The listing below should be printed exactly, every line of it. Skip the pictures.
----- SUPPLIED MATERIAL -----
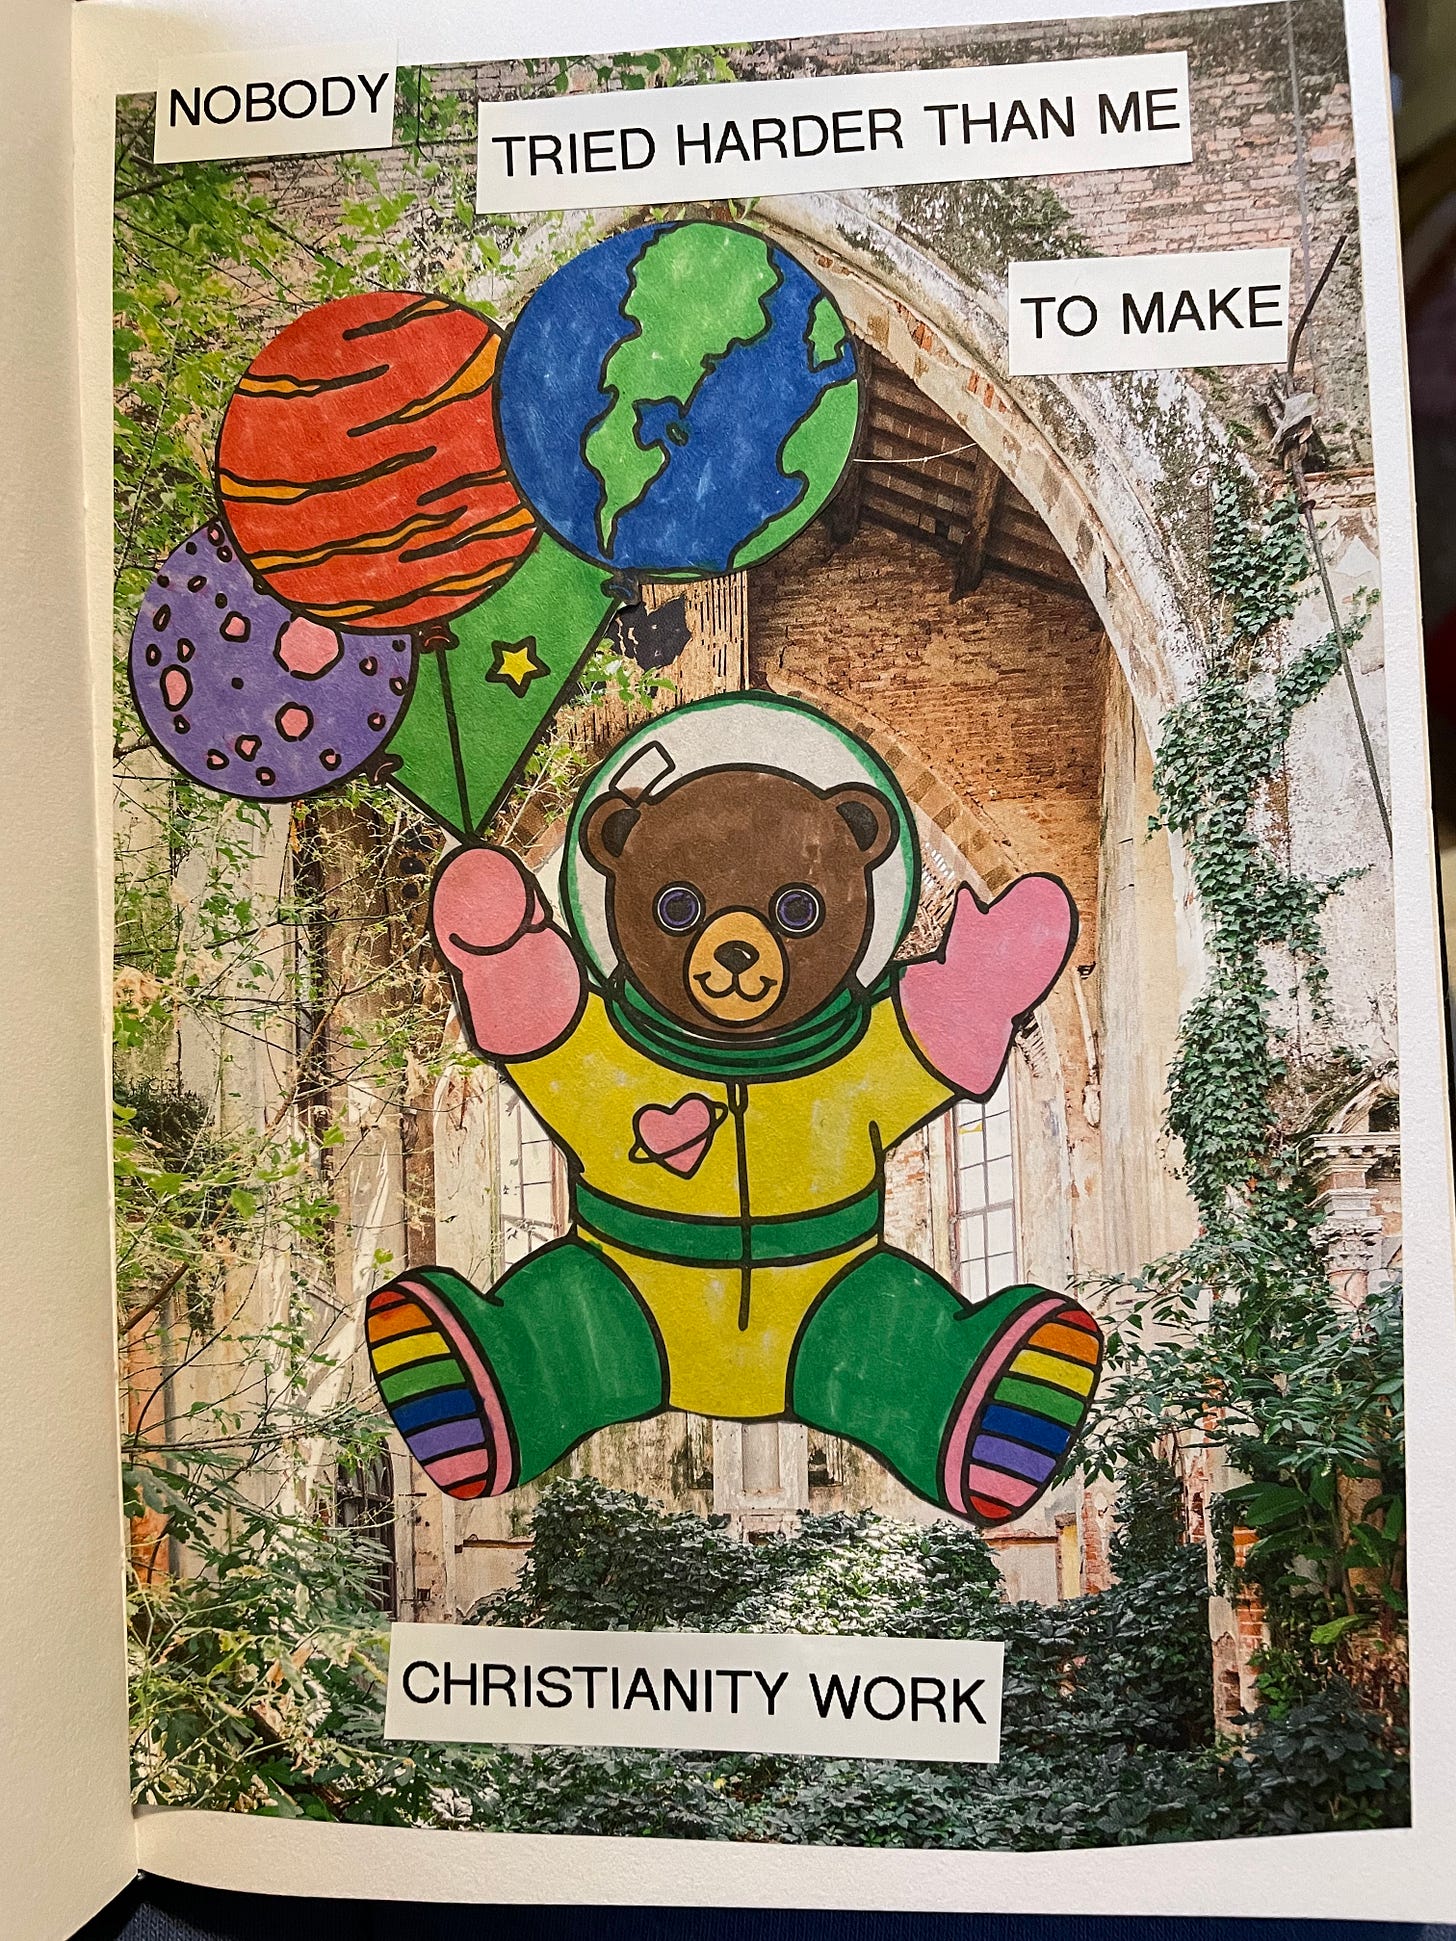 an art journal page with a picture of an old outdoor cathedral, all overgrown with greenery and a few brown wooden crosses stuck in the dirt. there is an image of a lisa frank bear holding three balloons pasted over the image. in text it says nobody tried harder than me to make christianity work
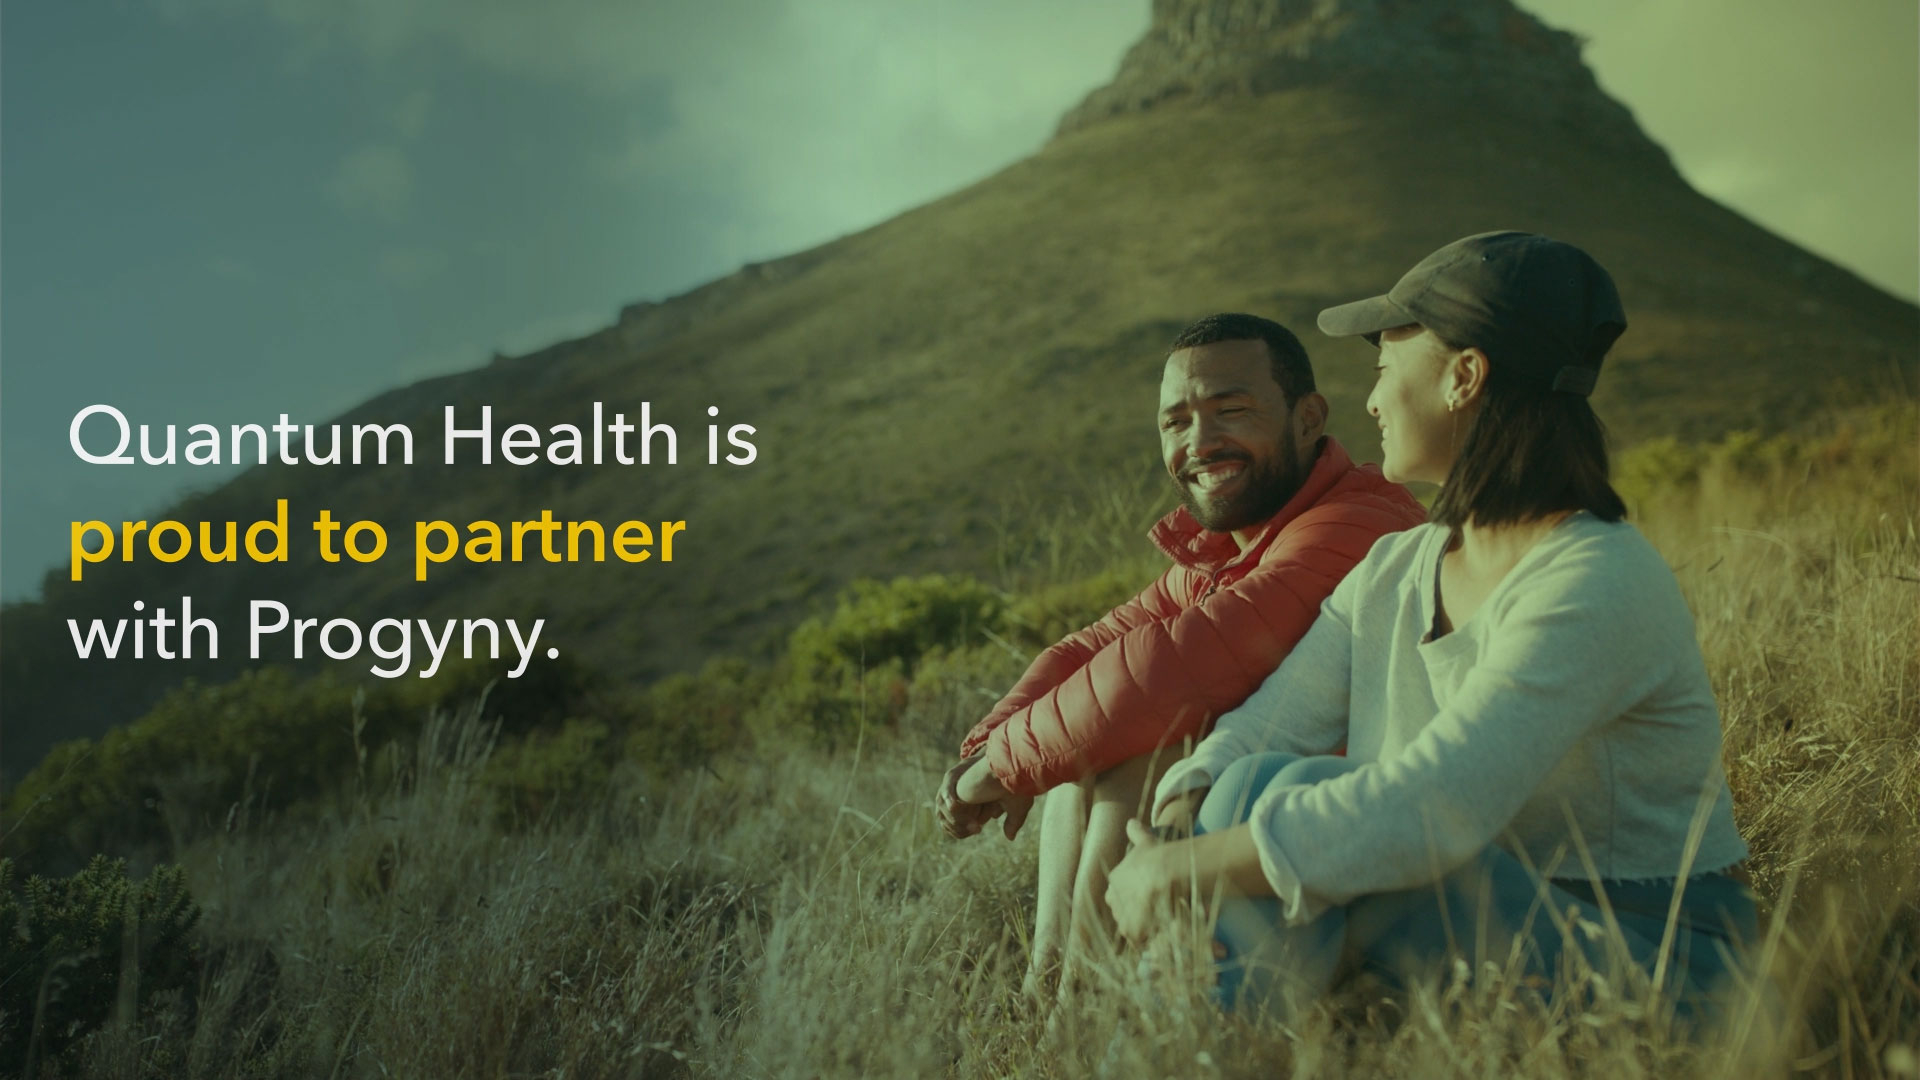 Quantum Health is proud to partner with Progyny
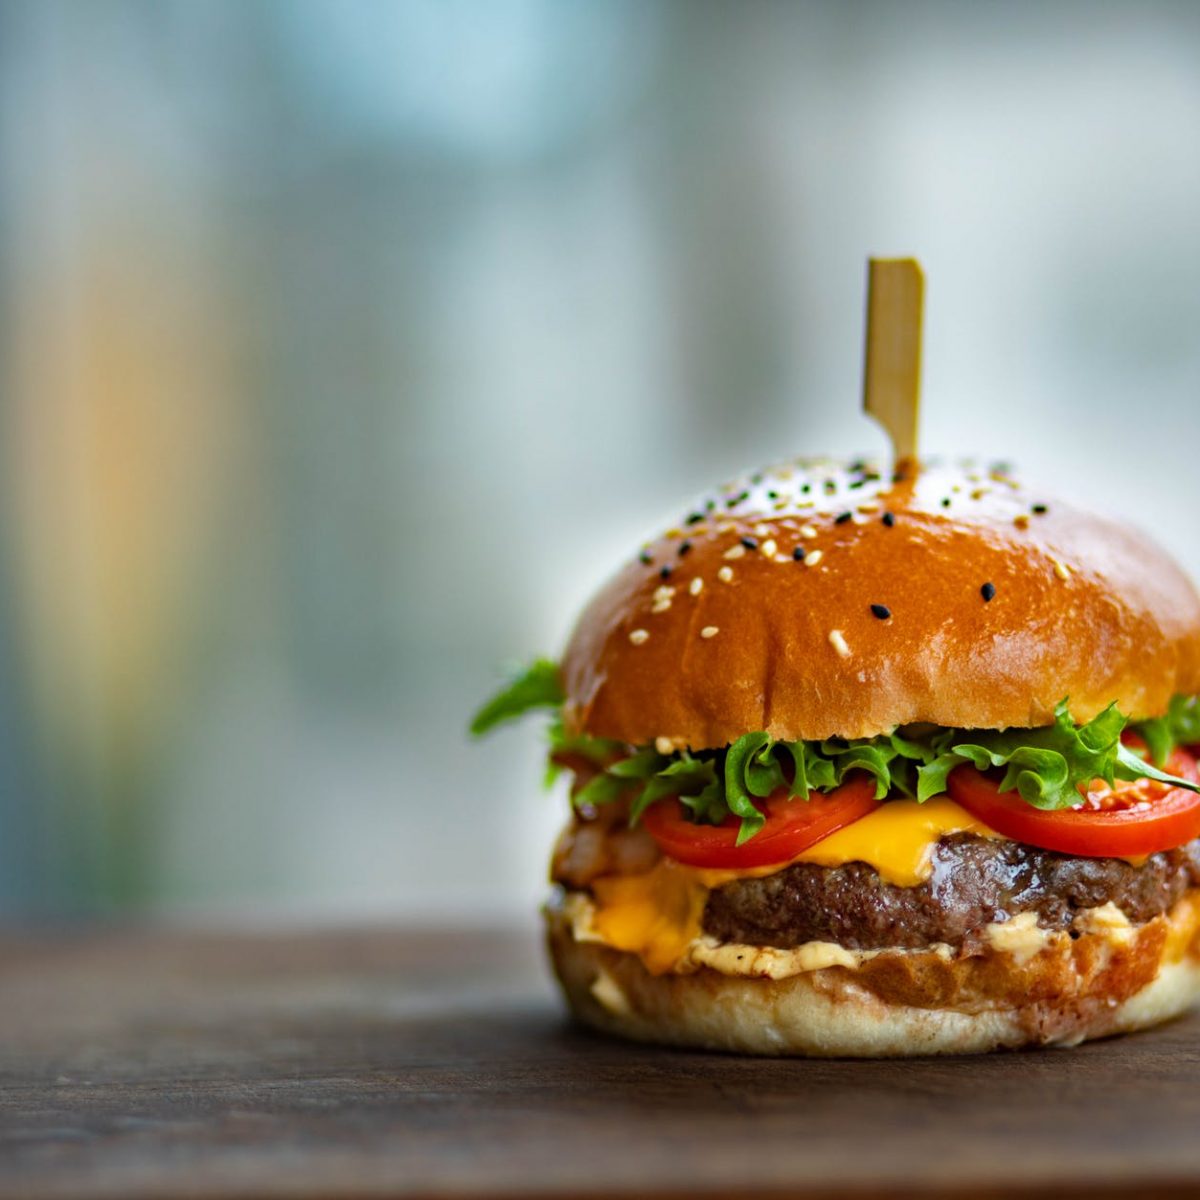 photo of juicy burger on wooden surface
-----
:: OUTPUT BELOW ::
 an art journal page with a picture of an old outdoor cathedral, all overgrown with greenery and a few brown wooden crosses stuck in the dirt. there is an image of a lisa frank bear holding three balloons pasted over the image. in text it says nobody tried harder than me to make christianity work
 Quantum Health is proud to partner with Progyny
 photo of juicy burger on wooden surface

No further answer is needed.